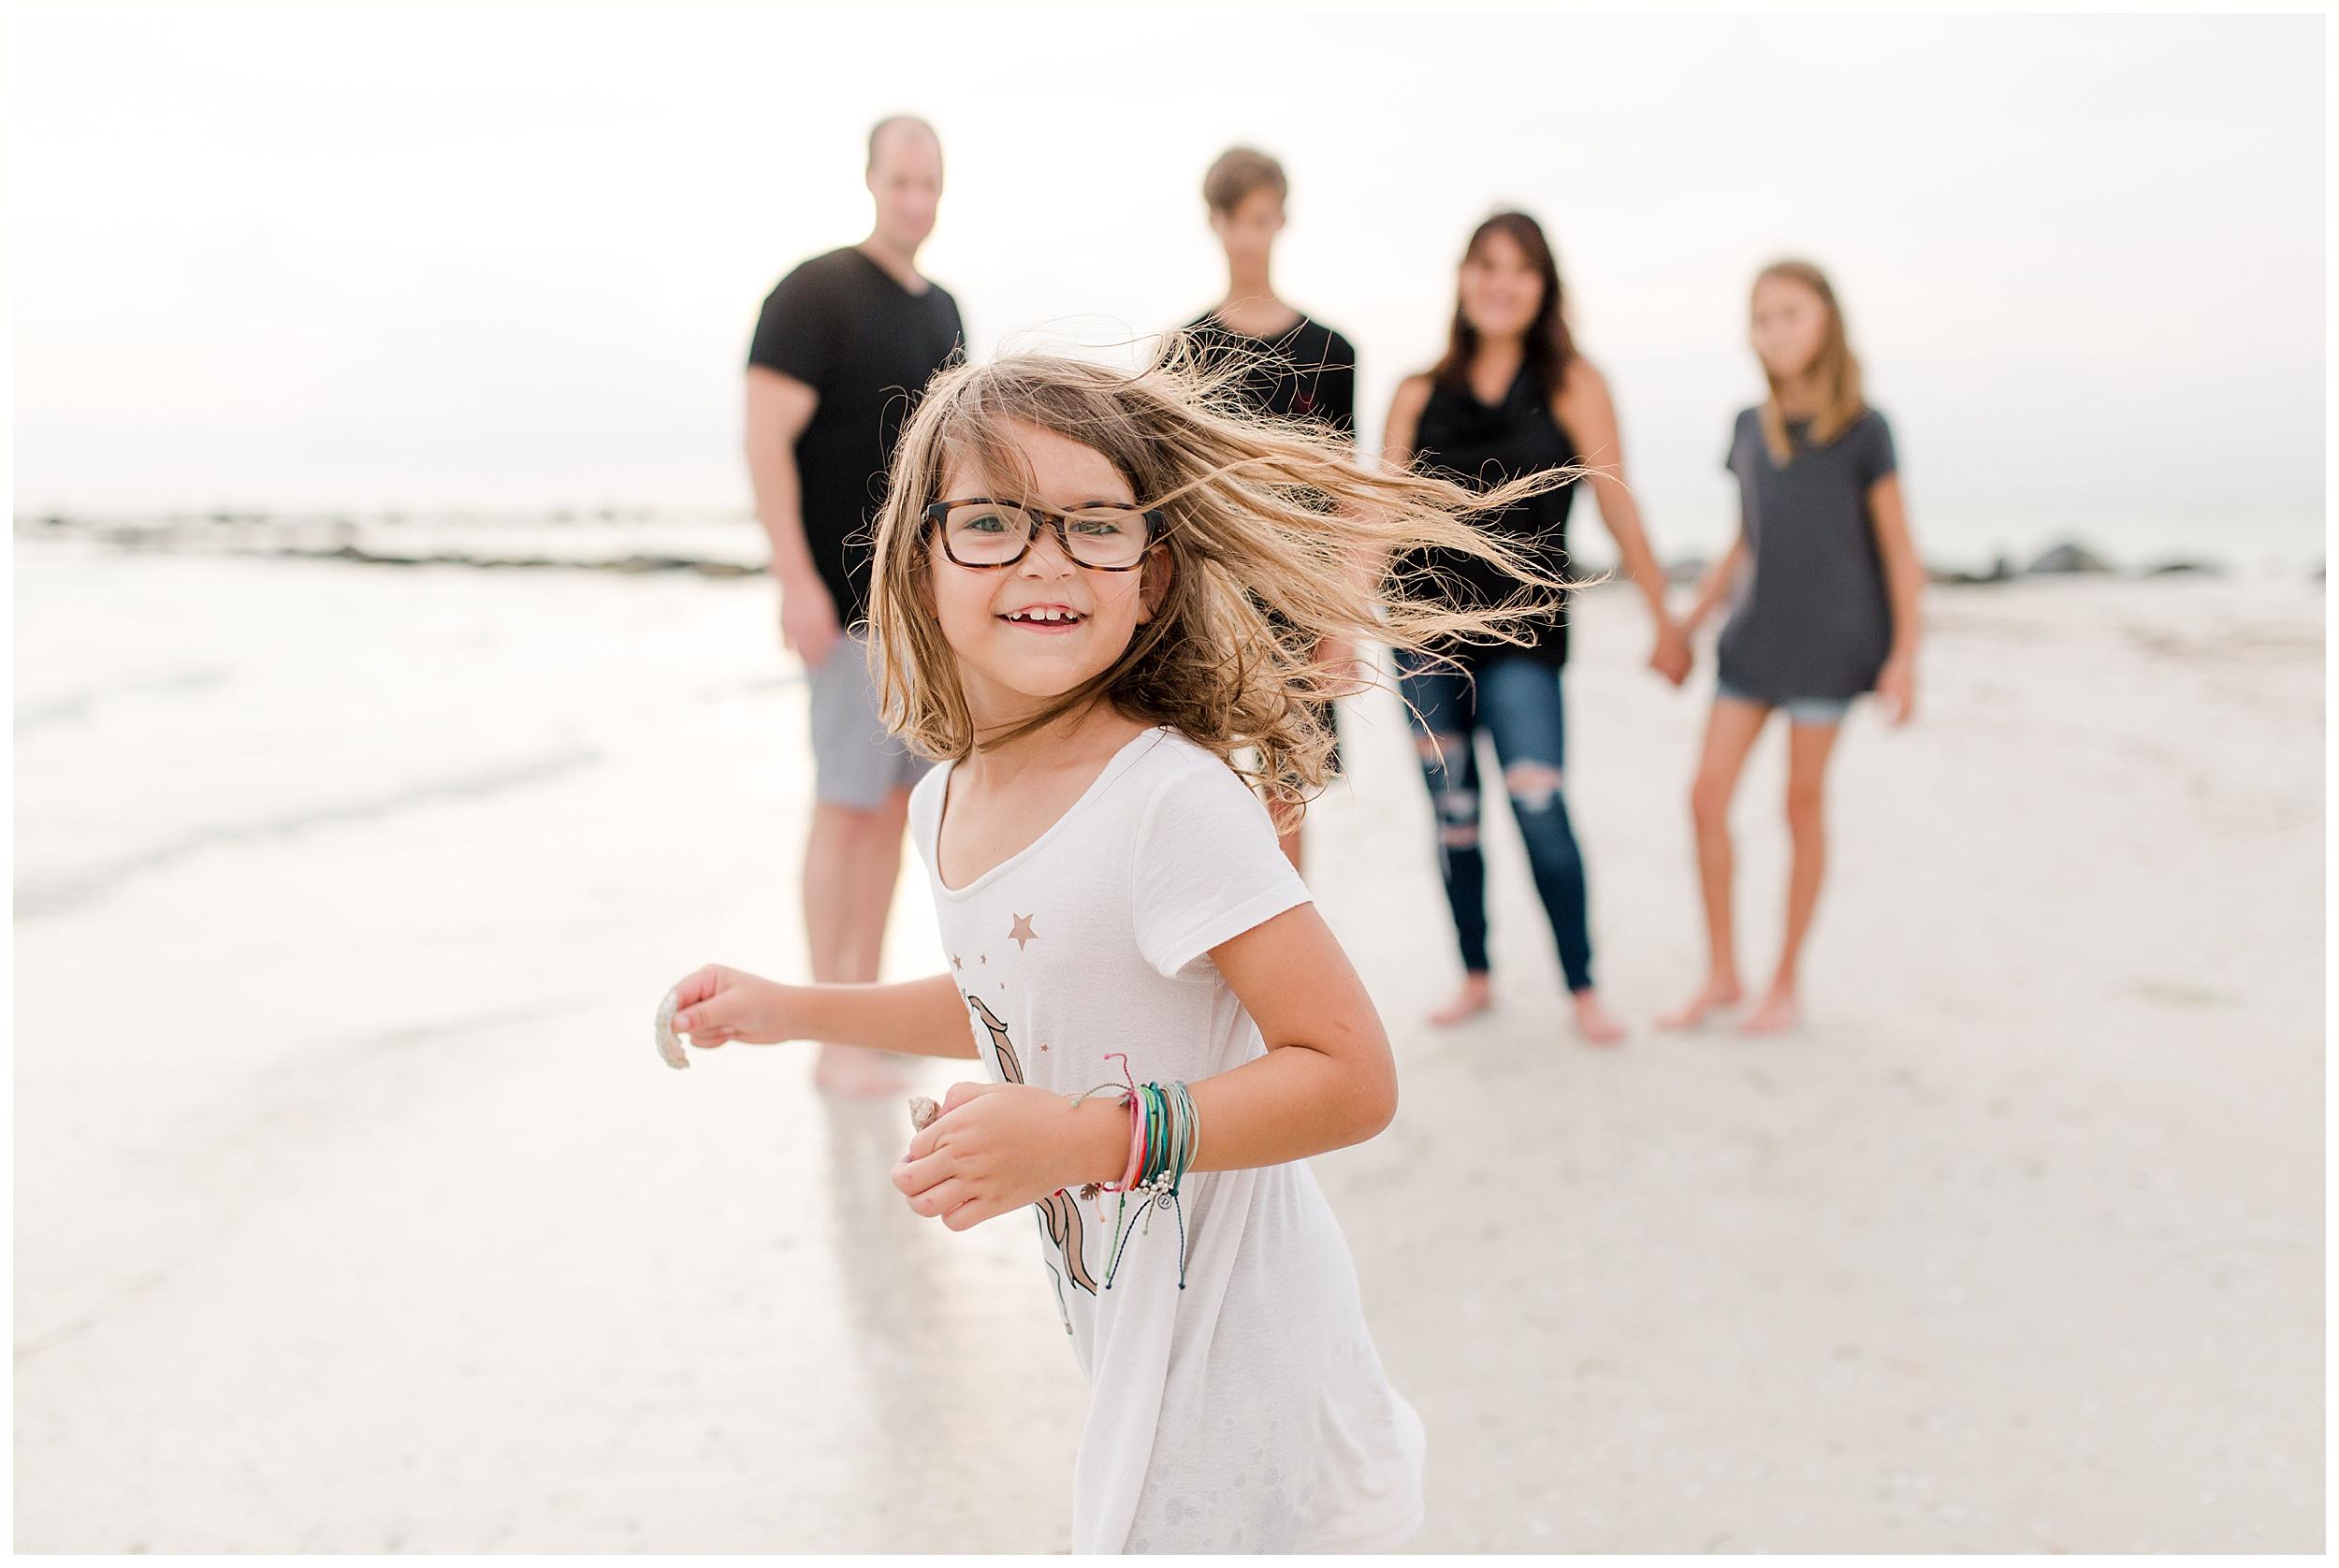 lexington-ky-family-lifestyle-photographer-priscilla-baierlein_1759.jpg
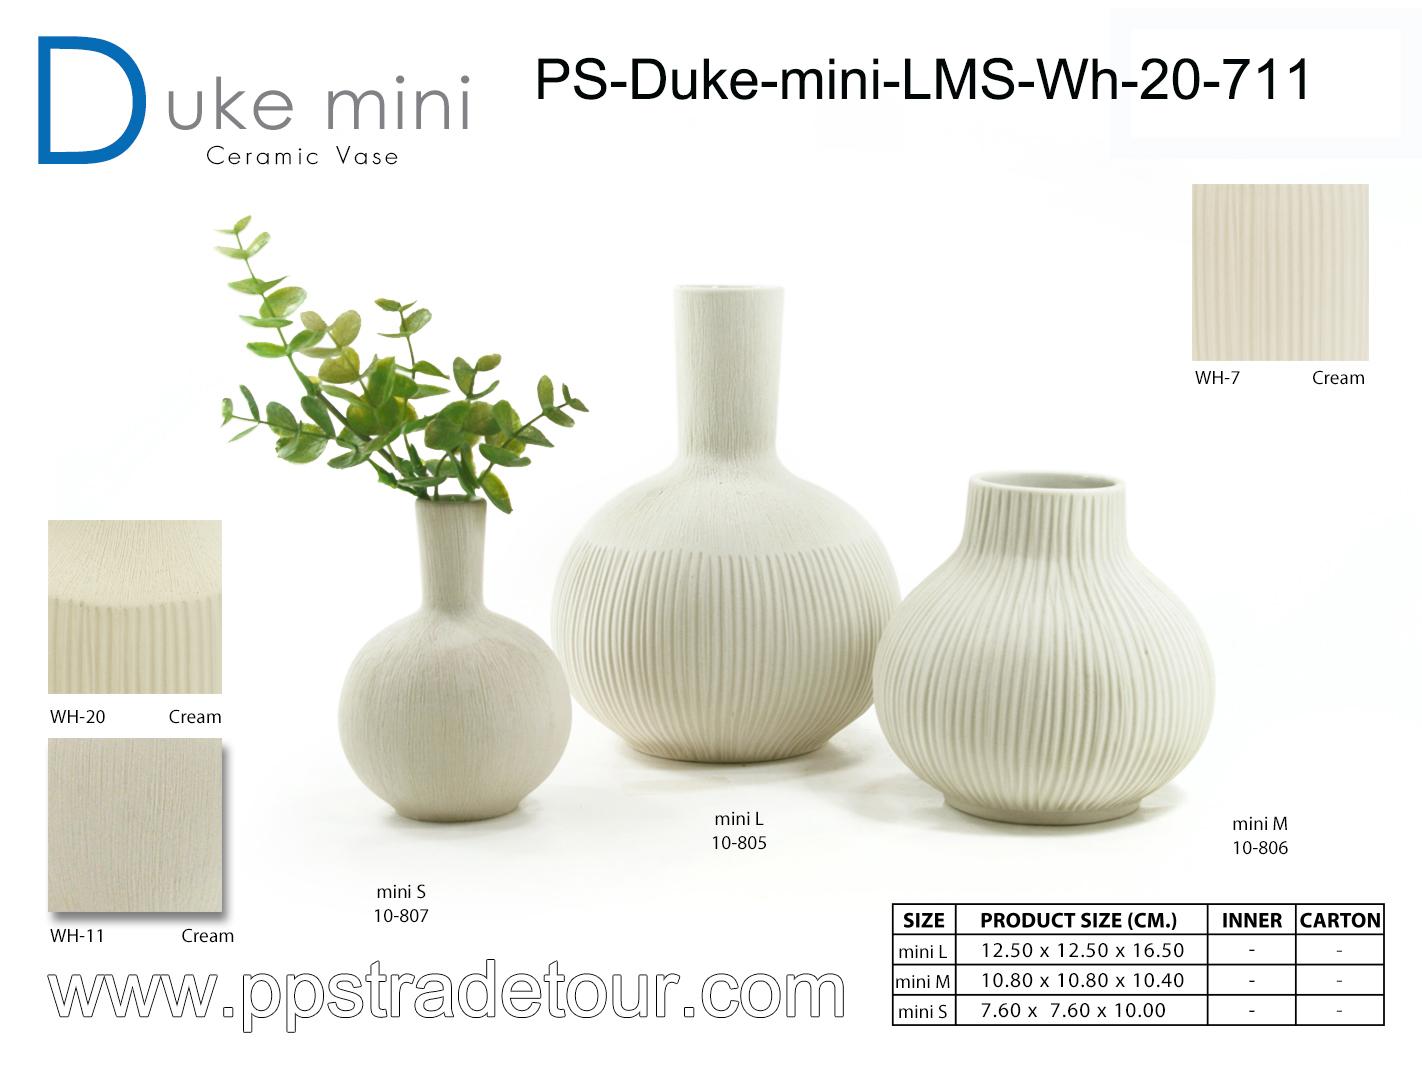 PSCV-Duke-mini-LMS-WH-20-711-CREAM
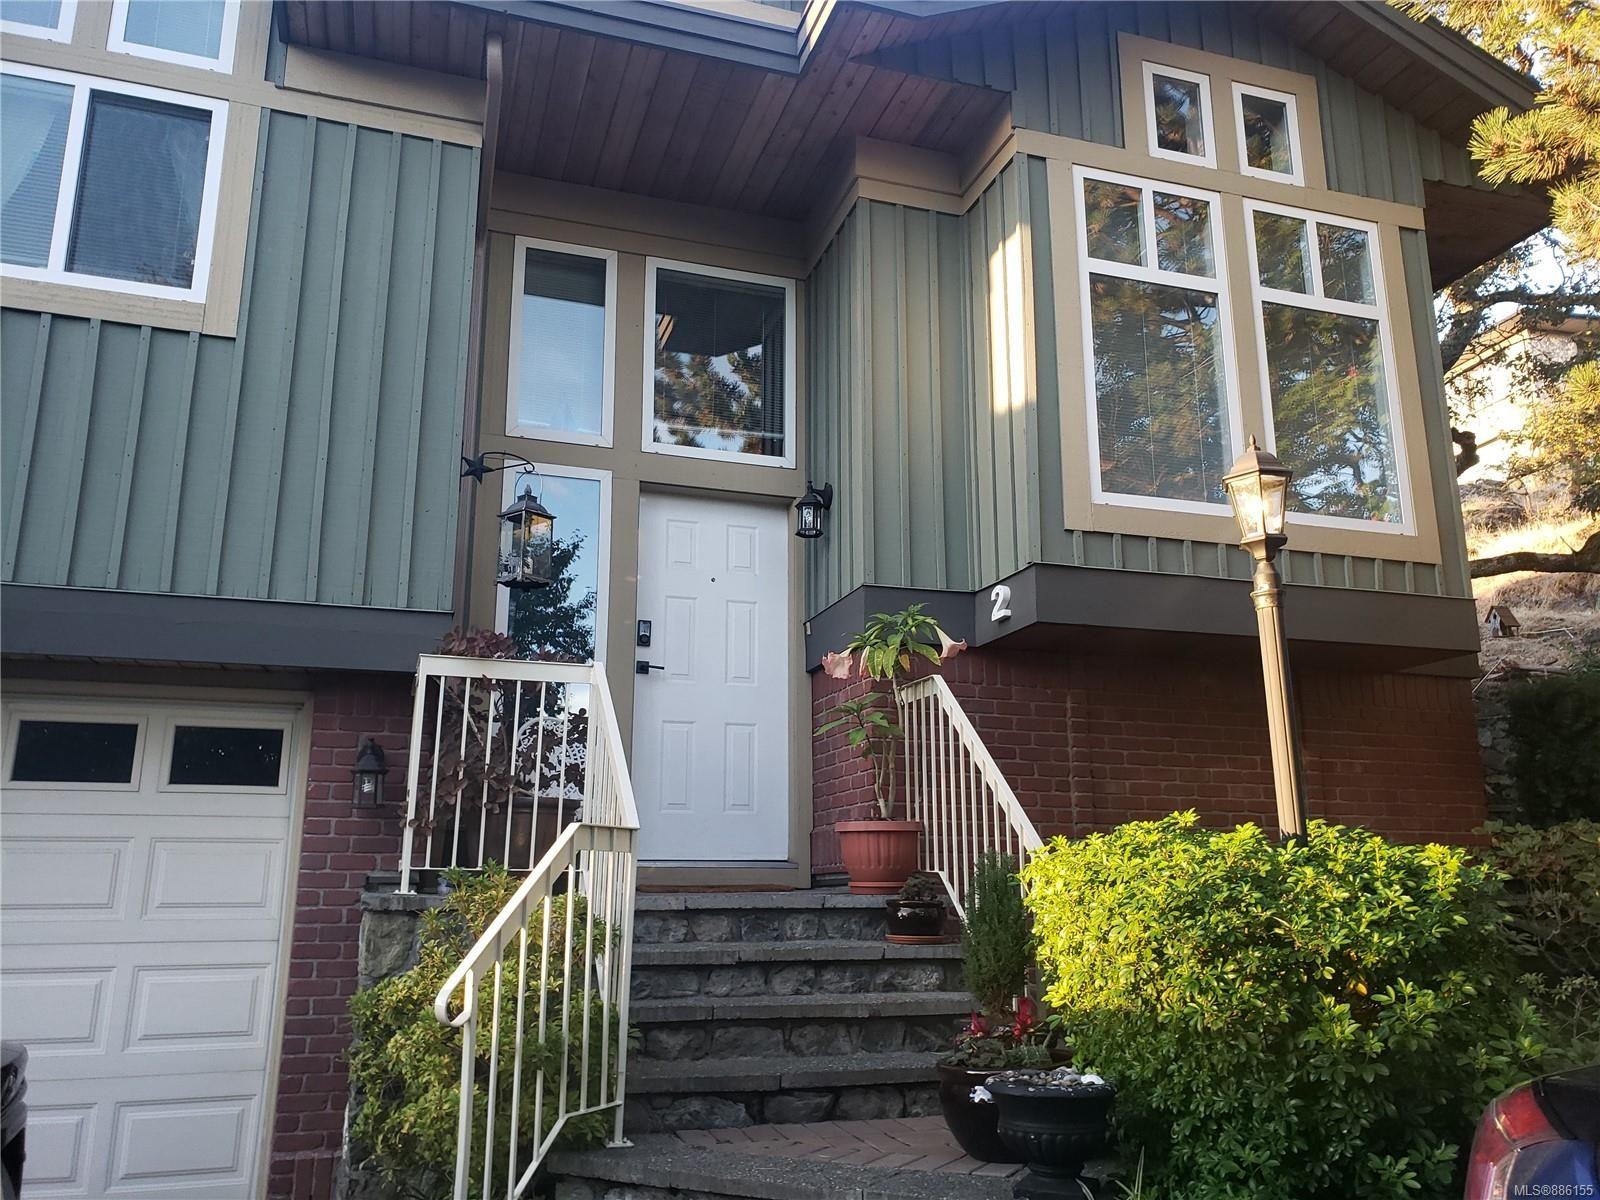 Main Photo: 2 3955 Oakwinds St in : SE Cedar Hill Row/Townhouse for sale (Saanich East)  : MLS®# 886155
+---+
■ Required work: The range to transcribe runs from the line holding "PSCV-Duke-mini-LMS-WH-20-711-CREAM" through the final line of the data above; copy it exactly and exclude the pictures.

■ Solution for this exercise:
 PSCV-Duke-mini-LMS-WH-20-711-CREAM
 Main Photo: 2 3955 Oakwinds St in : SE Cedar Hill Row/Townhouse for sale (Saanich East)  : MLS®# 886155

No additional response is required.